My third time going out en femme, back in the summer of 2008, my friend Lauren and I were walking from one lesbian bar to another in an area of Columbus that is pretty artsy and has a large gay population, but there's also a lot of hip bars so there's a mixed crowd and it's near the Ohio State campus. Anyway as we were walking, I certainly didn't pass, I was heavier then than I am now, and probably wasn't all that graceful in my heels, but was having fun and people had been nice so far. Well, a car load of young guys who had probably already had a few clocked me, and started yelling at me from the car. First I heard "That's a guy!" and then they started actually saying "Sir? Sir?!" as if they had a question for me. What really made it tip the scales to uncomfortable town though was they actually started circling the block and coming back around to do it again. It was only my third time out like I said and I was so nervous that I didn't know what to do. I just pretended to not notice it, never turned my head, never looked at them, just gave them no reaction. In fact one of the girls I was with didn't even put two and two together that they were talking about me. We finally made it to the bar and they went off to do something else, probably burn ants with a magnifying glass or cow tipping or something.

The second was a time I was in line at target dressed as a guy but wearing a black kilt, tights, and a men't t-shirt. Obviously the issue wasn't being "clocked" as I was the clock, but the customer's in line behind me were a large black lady and her daughter, who was around 7 or 8 maybe. The little girl just started giggling and saying "Skirt!" and pointing at me. The thing is, I understand kids have no filter and unusual things cause them to react. So her behavior didn't bother me, what bothered me was her mother did absolutely nothing to stop it. If I'd done something like that as a kid my mom would've told me I was being rude, and disciplined me. Her mom instead glared at me as if I was actually doing something wrong, with a look on her fact like "Go ahead and say something!" So her daughter just kept running her mouth "Skirts aren't for boys. They're for ladies." stuff like that. What sort of made it better for me was then the girl said "Ladies!" and spelled it out "L-A-D-Y-S." So she's got some other issues.

JohnH
03-02-2012, 01:01 PM
Passing is im I was walking through the subway platform in Montreal, and a woman asked me in french, what time it was. I replied 'je ne said pas", intending to move on. She then clocked me by my voice, and started shouting (in french and in English) "Hey, Monsieur! why are you wearing a dress?! Monsieur! Mister!... Thats a MAN!!!"



I think I would have been tempted to yell out in the loudest male drill sergeant voice - "Shut the f**k up and mind your damned business!".

I would be more able to accept those remarks from a man, but a woman - come on - women have overwhelmingly adopted pants over skirts and dresses. So that woman was really out of line


So her daughter just kept running her mouth "Skirts aren't for boys. They're for ladies." stuff like that.

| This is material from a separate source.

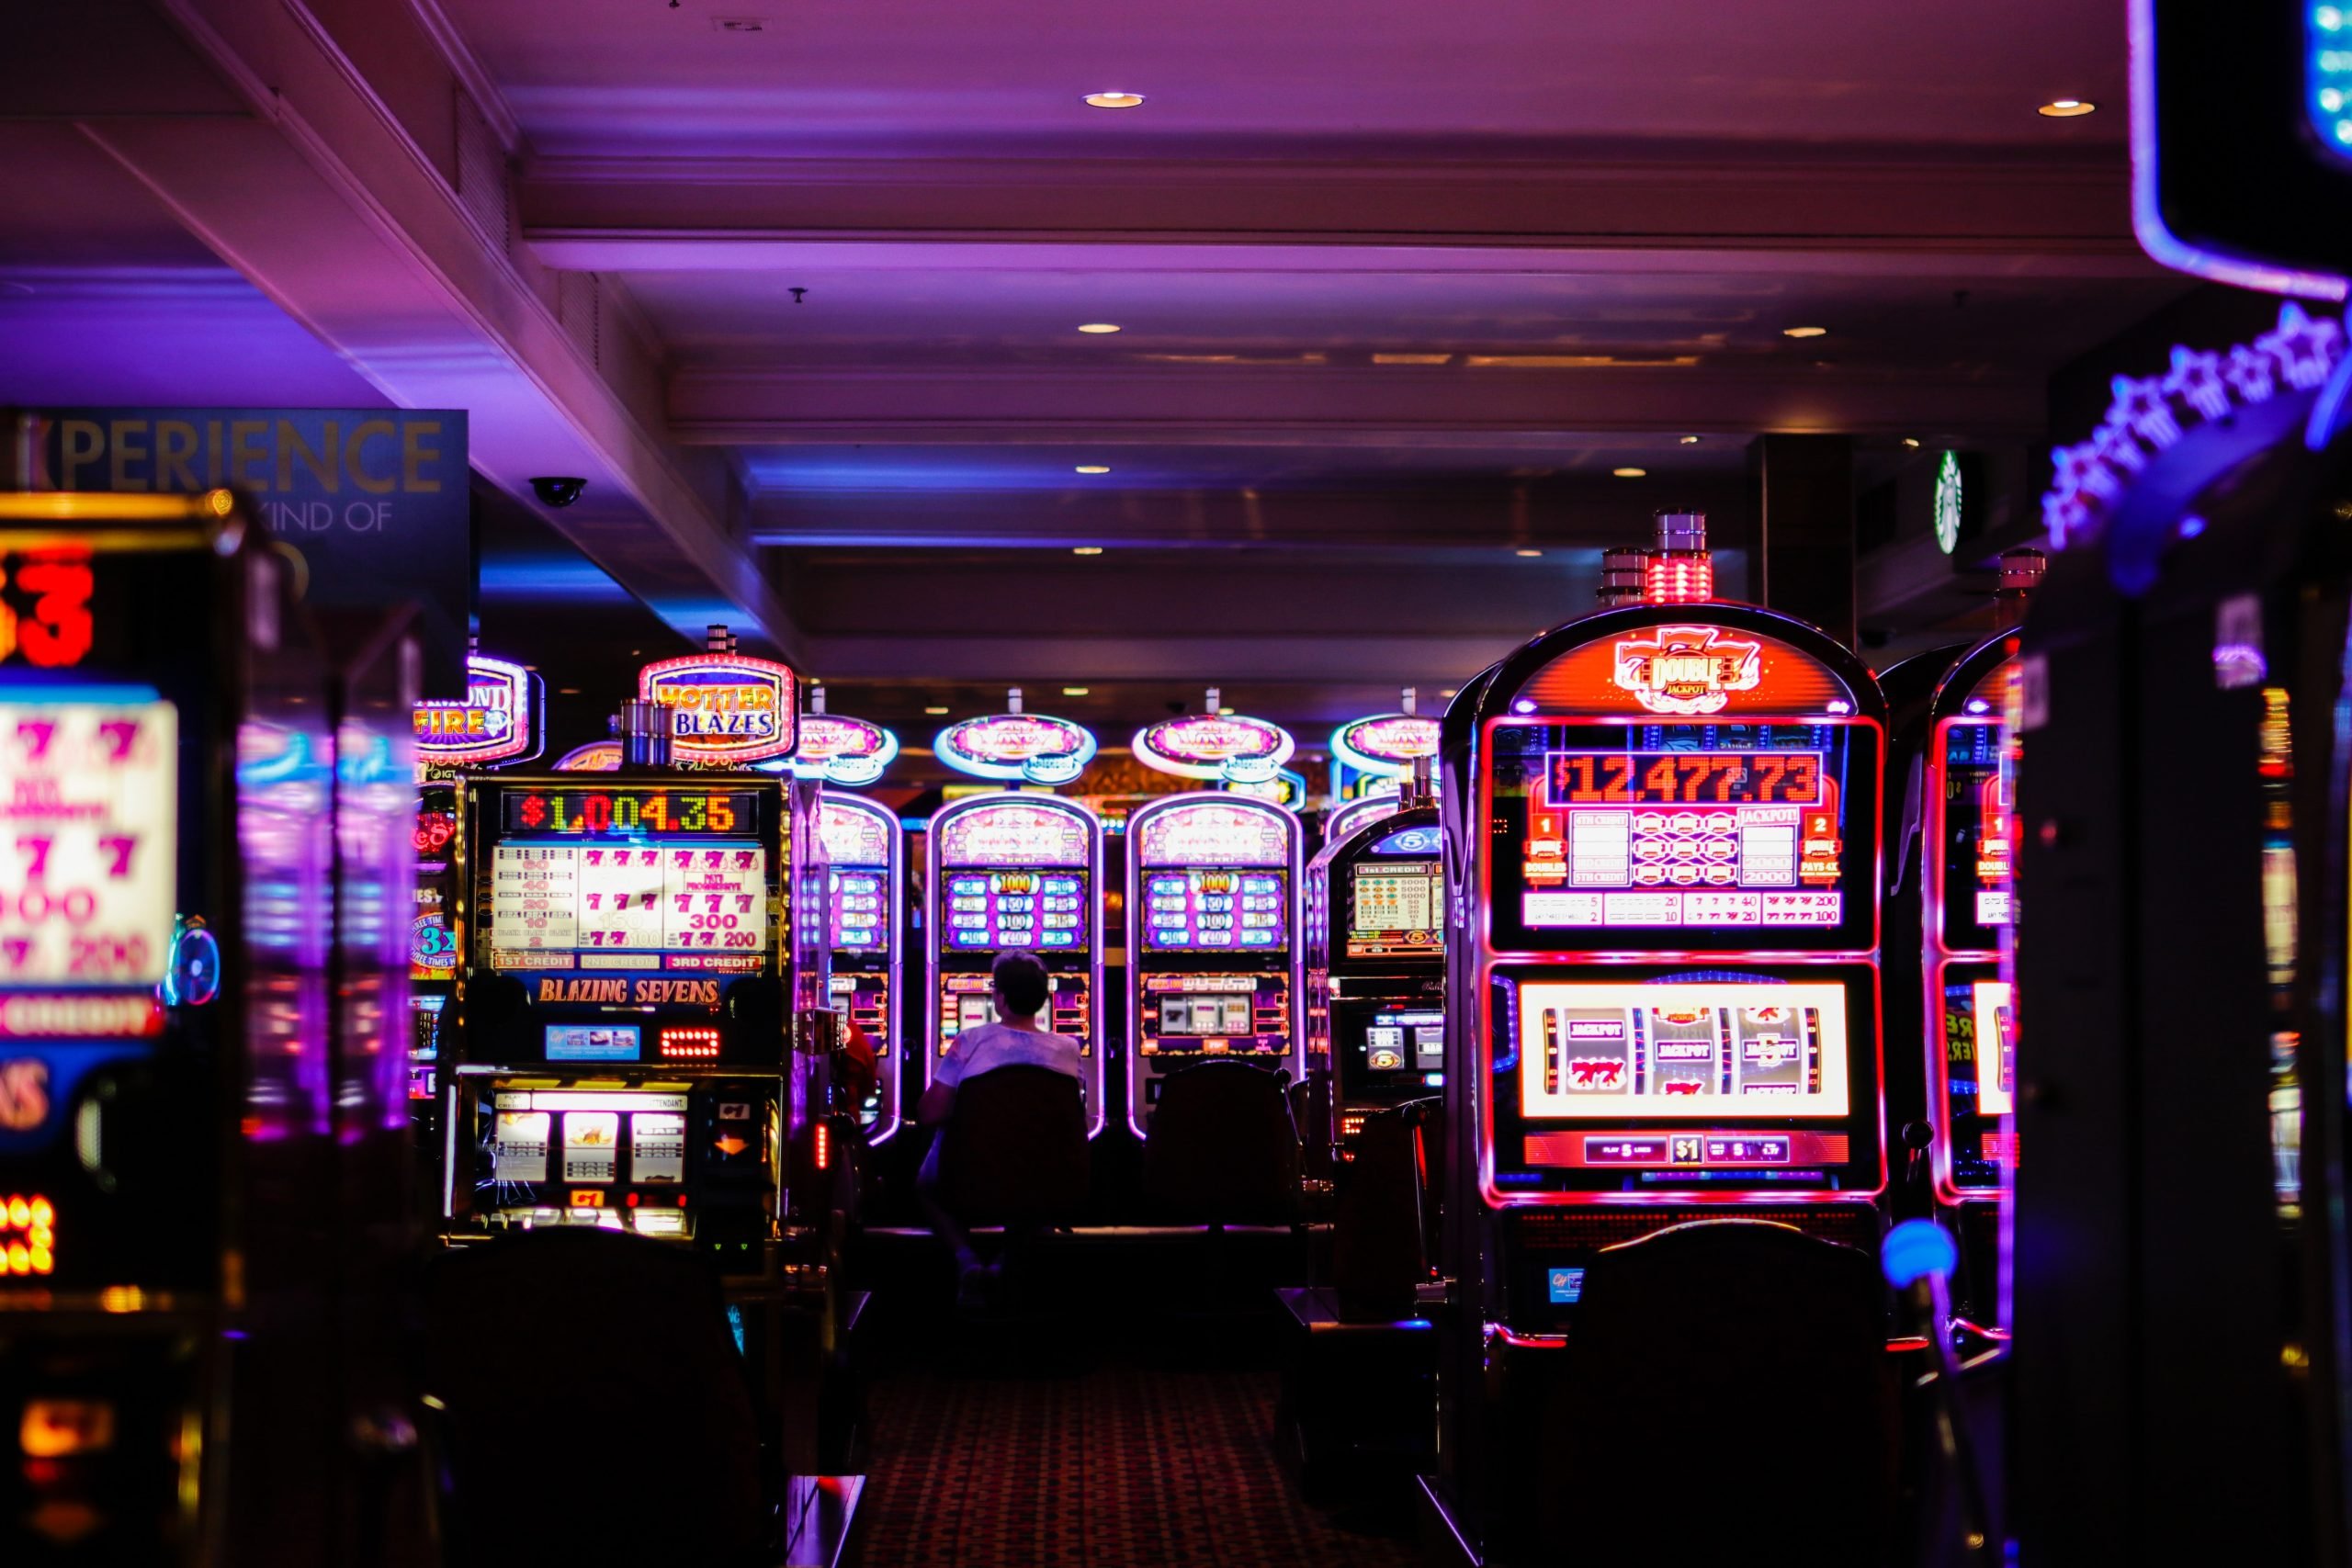 slot machines casinos near me

You could have said something to that brat like, "Pants are for boys and men".

Worst thing that happened while dressed en femme: I got picked up by cops for public intoxication and taken to the county jail until someone could bail me out. And then, when I was sober, having to put my street clothes back on - a maxi-dress and other items and walk past visitors and across the street to the bail bondsman office. And then my wife said she would pick me up when she put her pants on. The strange thing is no one taunted me about my unusual choice of clothes.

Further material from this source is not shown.